The McCain campaign already has an ad out hammering Obama for his "lipstick on a pig" comment that many people, including my own co-author Melissa Clouthier, believe was deliberately aimed at Palin,
Whether it was intentional or unintentional, this was a huge screw-up by Obama for three reasons.
#1) Judging by the reaction, his own crowd seemed to think it was a gibe at Palin.
#2) A lot of other people genuinely think it was a subtle shot at Palin. (Prediction: The Left, being the Left, will take this meme and run with it.)
#3) It allows Obama to now be directly tied to the wave of disgusting, sexist attacks coming from the Left right now.
Additionally, whether he meant it or not, his comment is fair game just as McCain's "100 years" and McCain's "houses" comment were fair game for Obama. After pouncing on those rather minor slip-ups, Obama doesn't really have much room to complain about McCain playing the exact same game with him -- plus, he may have actually meant what he said about Palin.
That being said, I think it was just probably -- but not definitely -- another screw-up from the human gaffe machine. Keep in mind this is the same guy who popped off the "57 states" quip and spoke of "my Muslim faith" among many, many other errors.
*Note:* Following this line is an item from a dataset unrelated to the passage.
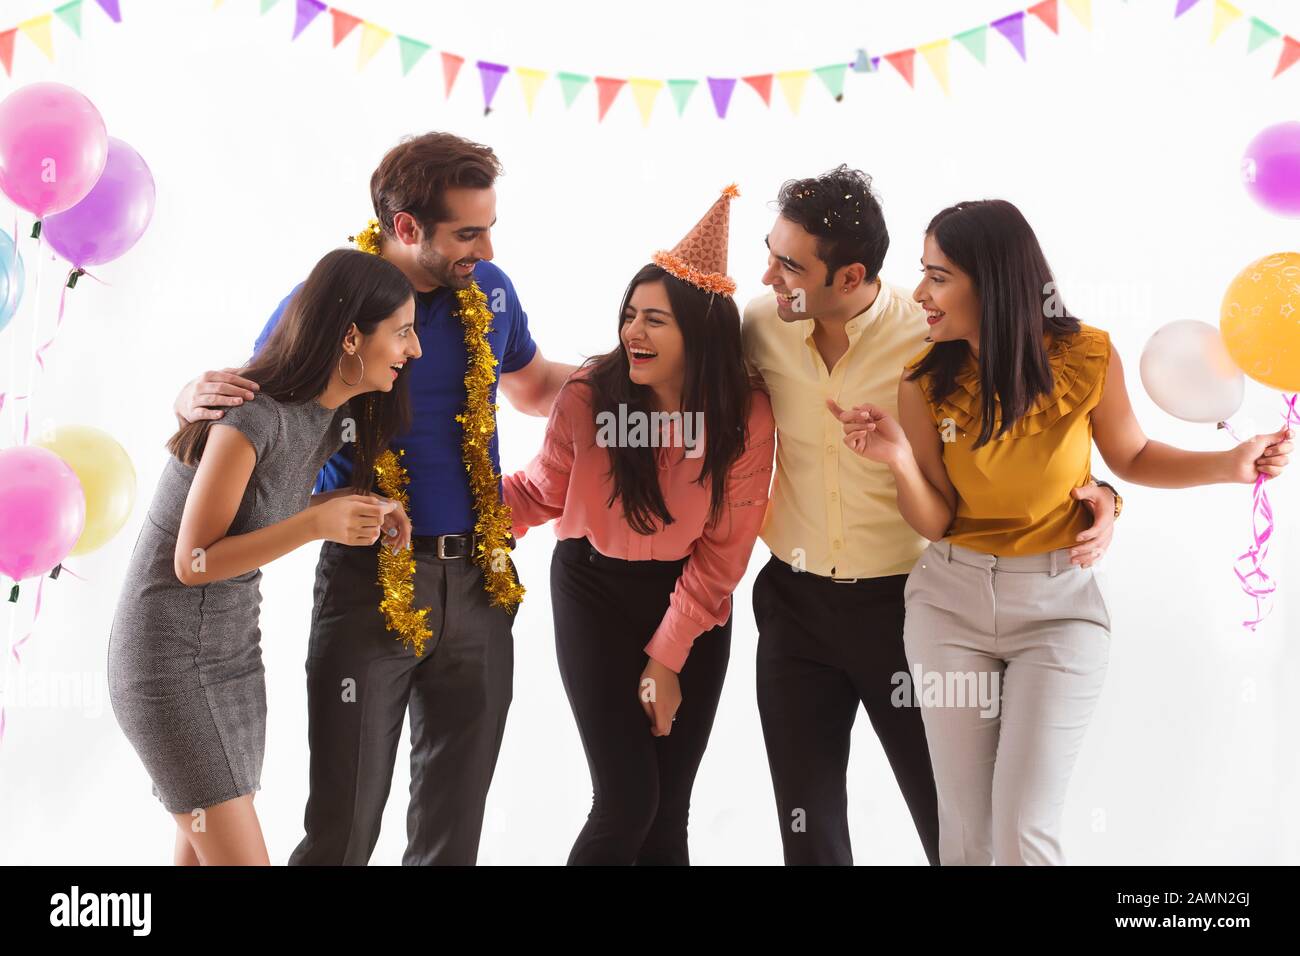 Friends having fun together at a party. Stock Photo

This is a guy who says something dumb every other few days if he's off a teleprompter, so that's PROBABLY the case here, too. Yes, you can make a case that his remark was intentional, especially with all the sexism coming from the Left these days and his campaign's weird focus on Palin, but it probably wasn't.
Update #1: Here's an email I received today from one of Obama's fans that #1) doesn't know the bikini pic I debunked isn't Sarah Palin and #2) does apparently think Bambi was referring to Palin,
John...Wouldn't you agree that a woman who is a Governor and mother while posing in a bikini holding a gun, allows her picture to be taken and shown on the internet, is a pig? Didn't Governor Palin open the door for her own ridicule when she referred to herself as a "pit bull with lipstick"? And once one side introduces comments in public, an opponent is allowed to use those comments to illustrate their point?
"You can put lipstick on a pig," Obama said during a campaign stop. "It's still a pig. You can wrap an old fish in a piece of paper called change. It's still going to stink after eight years."